In: Math
1.A. Dr. Smith purchased a network attached storage server with eleven 2TB hard drives in it. When he purchased the system, unknowingly to him, the supplier used hard drives from a bad manufacturing batch and thus among his drives there are four underperforming drives. (Underperforming drives have a much shorter lifetime.) They figured this out and since there is no way of determining which hard drives are faulty ahead of time (i.e., ahead of their death), they issued Dr. Smith a full refund and told him to keep the drives. He wanted to trash the drives but one of his students requested a few of them for his project. The student figured to use the drives in a RAID-1 configuration. (From Wikipedia : “A RAID 1 creates an exact copy (or mirror) of a set of data on two or more disks. This is useful when read performance or reliability is more important than data storage capacity.”) What are the chances that he is not going to lose any data prematurely if Dr. Smith gave him two, three, and four of the drives (what’s the probability for each of those setups)?
1.B. Same situation as in 1.A. However, the
student is more adventurous, he wants to use RAID-5. (RAID 5 is a
redundant array of independent disks configuration that uses disk
striping with parity. Because data and parity are striped evenly
across all of the disks, no single disk is a bottleneck. Striping
also allows users to reconstruct data in case of a disk failure.
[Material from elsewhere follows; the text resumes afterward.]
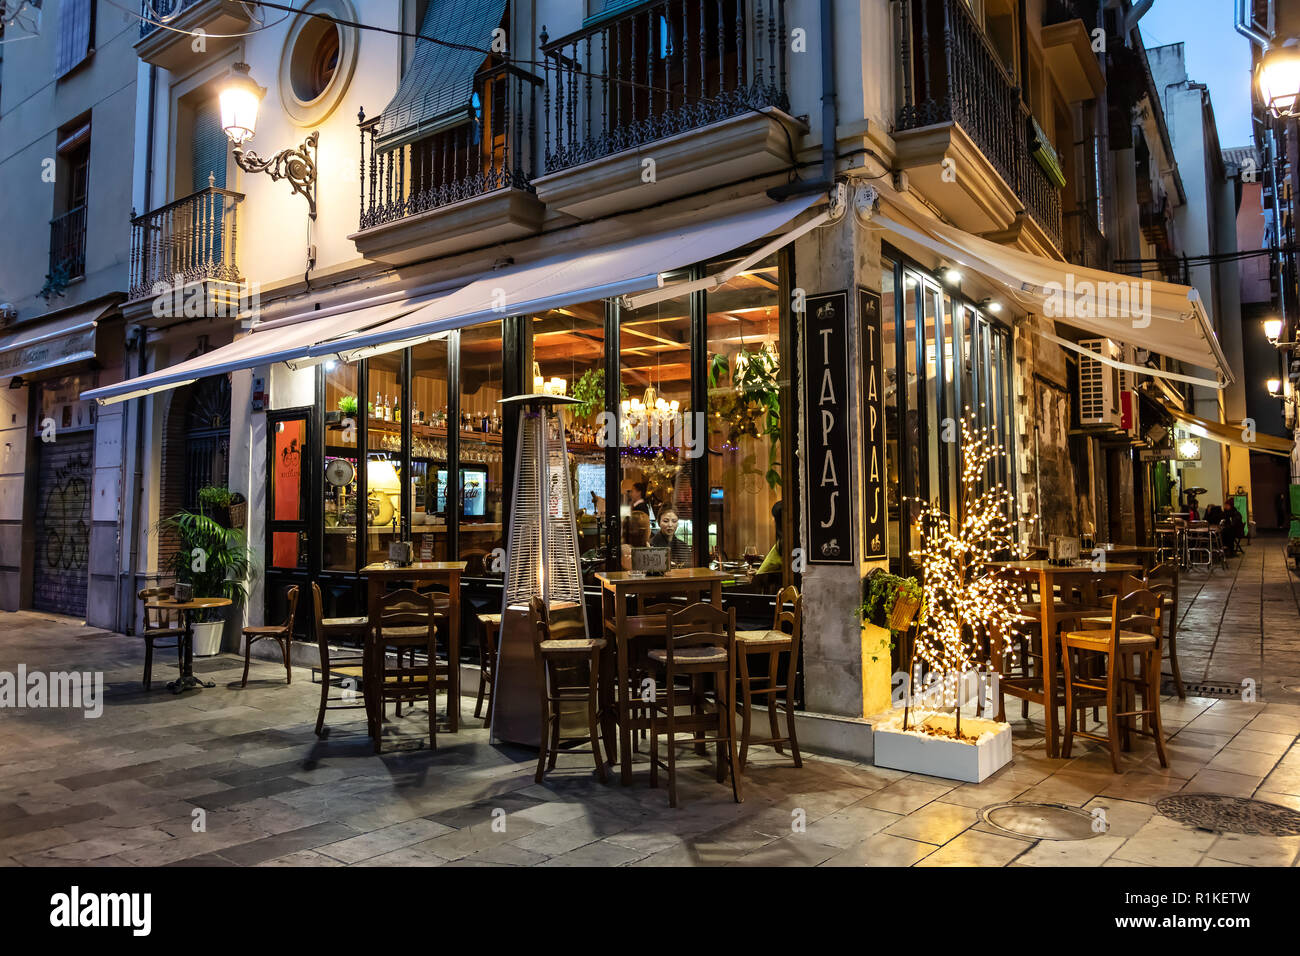 La Bicicleta restaurant, Granada, Province of Granada, Andalusia, Spain  Stock Photo - Alamy

RAID 5 evenly balances reads and writes, and is currently one of
the most commonly used RAID methods. It has more usable storage
than RAID 1 and RAID 10 configurations, and provides performance
equivalent to RAID 0. RAID 5 groups have a minimum of three hard
disk drives (HDDs) and no maximum. Because the parity data is
spread across all drives, RAID 5 is considered one of the most
secure RAID configurations.) How big of a virtual drive will he
obtain and what are the chances that he is not going to lose any
data prematurely if Dr. Smith gives him three or four of
drives?
1.C. We are doing real time processing of data
from 40 data sources. At the beginning of each time slot, each data
source may (or may not) generate a data-set to be processed; the
probability that any individual source actually generates a
data-set is: 0.002 (and data sources are independent). In each time
slot we can process up to two data-sets. As the processing is real
time the processed results are only interesting if they are done
within the time slot. What is the probability that we can process
all incoming data-sets in any particular time slot?
1. RAID 1 consists of data mirroring, without parity or striping. Data is written identically to two or more drives, thereby producing a "mirrored set" of drives. Thus, any read request can be serviced by any drive in the set.
RAID 5 uses parity instead of mirroring for data redundancy. The system calculates parity and writes that parity into the drive. By keeping data on each drive, any two drives can combine to equal the data stored on the third drive, keeping data secure in case of a single drive failure.